In various embodiments, electrodes may include electrically conductive proppant materials. For example, before, during, and/or after fracturing, the electrically conductive proppant materials may be injected into the wellbore to keep induced fractures open. In some embodiments, the electrically conductive proppants can be permeable to gas (e.g., when under high subterranean pressures). The proppant packing density can be configured to facilitate electrical conduction, gas permeability, and mechanical stability to withstand closure pressures. The electrically conductive proppant materials may be composed of any suitable material; with the primary characteristic that they are electrically conductive. For example, the electrically conductive proppant materials may be metals, semi-metals, metal alloys, carbon-based materials, their derivatives and combinations thereof. The electrically conductive proppant materials may be of any suitable dimension. For example, the proppant materials can comprise an assortment of grain sizes from fine to coarse, which may be configured to facilitate conductivity and/or fracture support. Furthermore, such particles may be solid, porous, hollow, jagged, and/or combinations thereof. In some embodiments, the electrically conductive proppant material comprises carbon particulate materials.

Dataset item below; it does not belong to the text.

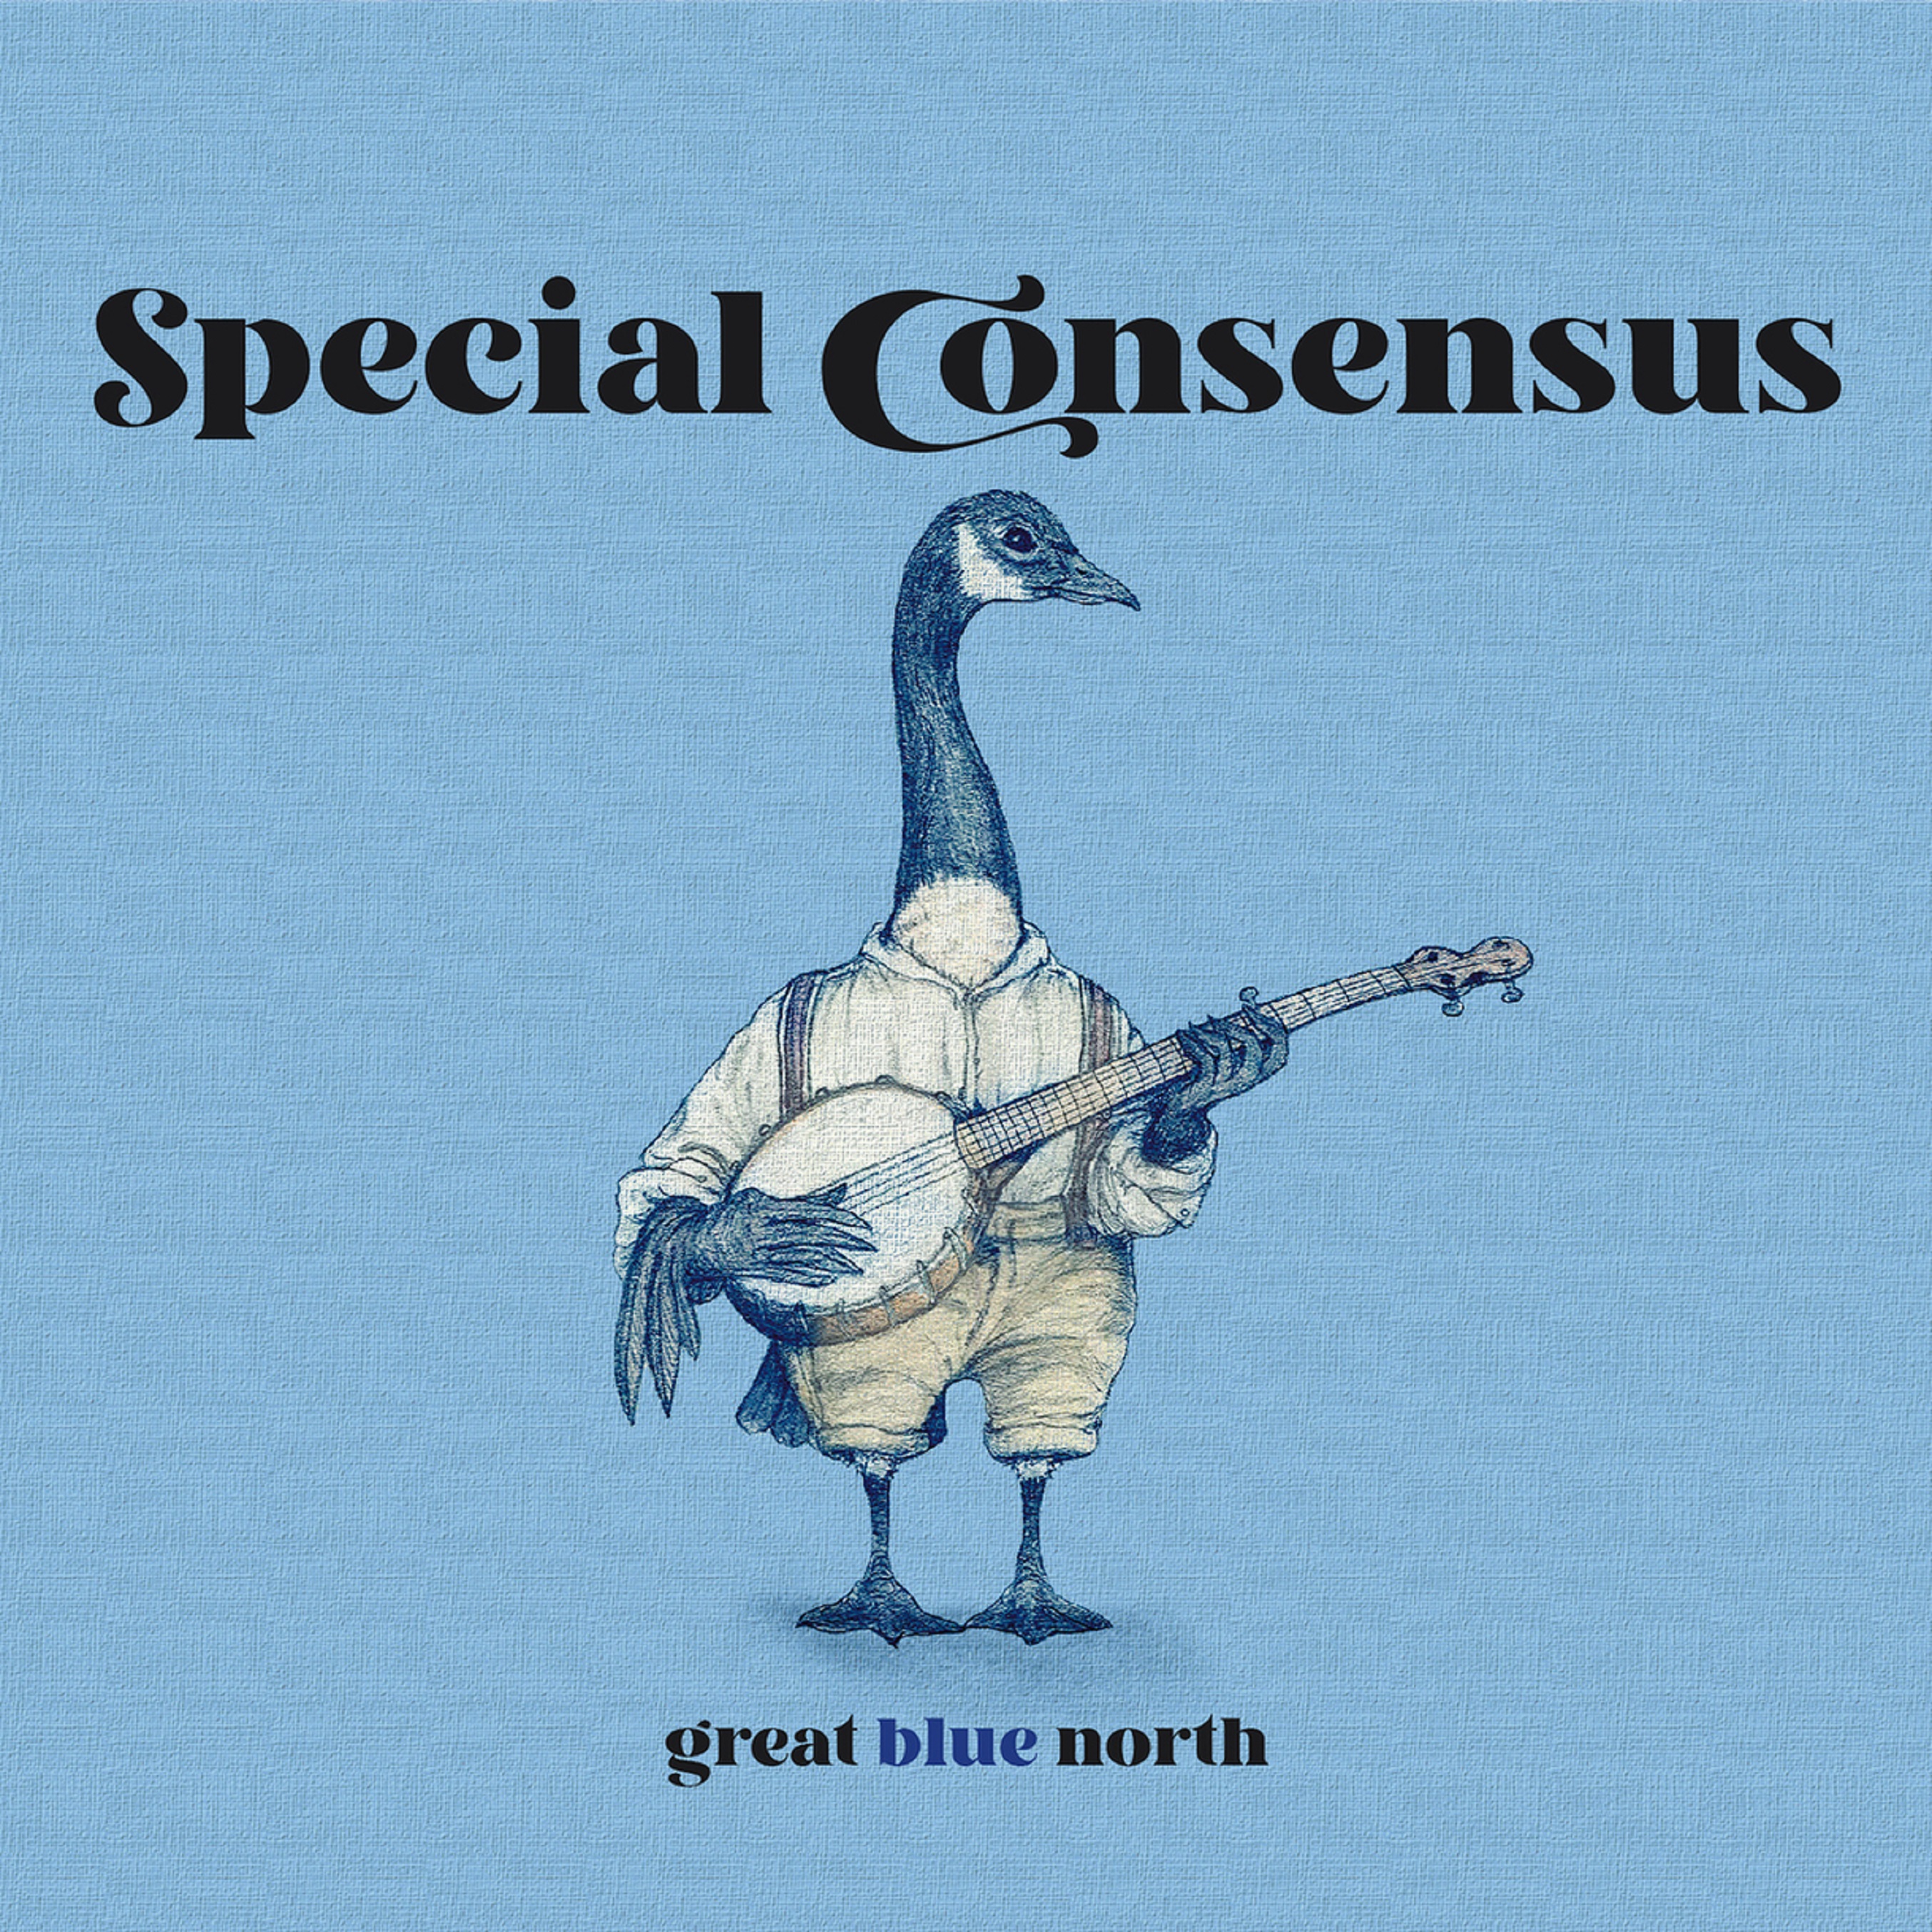 SPECIAL CONSENSUS NEW ALBUM GREAT BLUE NORTH OUT MAY 12TH

In some embodiments, electrodes may include electrocatalytic material configured to facilitate electrochemical reactions. Any electrocatalytic material may be employed, with the primary characteristic that the material is capable of lowering an overpotential associated with an electrochemical reaction. Such electrocatalytic materials can also be low cost. For example, electrocatalytic materials may include metals, metal oxides, metal alloys, doped metal oxides, perovskites, nitrides, and/or the like In some embodiments, the electrocatalytic material comprises one or more of platinum, palladium, carbon, iron, nickel, cobalt, ruthenium dioxide, and/or the like.

As described above, the extraction of hydrocarbons may be facilitated indirectly by follow-up processes involving electrochemical reaction products For example, electrochemical reaction products may further undergo chemical conversion in combustion reactions. While embodiments of the present disclosure are not bound by any particular theory, combustion reactions may result in fracturing of hydrocarbon-trapping formations and/or altering of subterranean hydrocarbon properties, thereby facilitating extraction. For example, gaseous oxygen (e.g., which can be produced in electrochemical water electrolysis) may act as an oxidizer in a follow-up combustion reaction. Furthermore, gaseous hydrogen (e.g., produced in electrochemical water electrolysis) may act as a fuel in a follow-up combustion reaction. In some embodiments, hydrocarbons (e.g., present in subterranean formations) may act as fuels in combustion reactions, a process which is known as “fireflooding” in the petroleum engineering arts. In some embodiments, catalytic materials that can facilitate combustion reactions may be provided within the wellbore. Non-limiting examples of catalytic materials may include metals, semi-metals, metal oxides, metal alloys, mixed metal oxides, ceramics, perovskites, zeolites and/or the like In some embodiments, the catalytic material comprises one or more of platinum, palladium, carbon, iron, nickel, cobalt, ruthenium dioxide, manganese oxide, and/or the like.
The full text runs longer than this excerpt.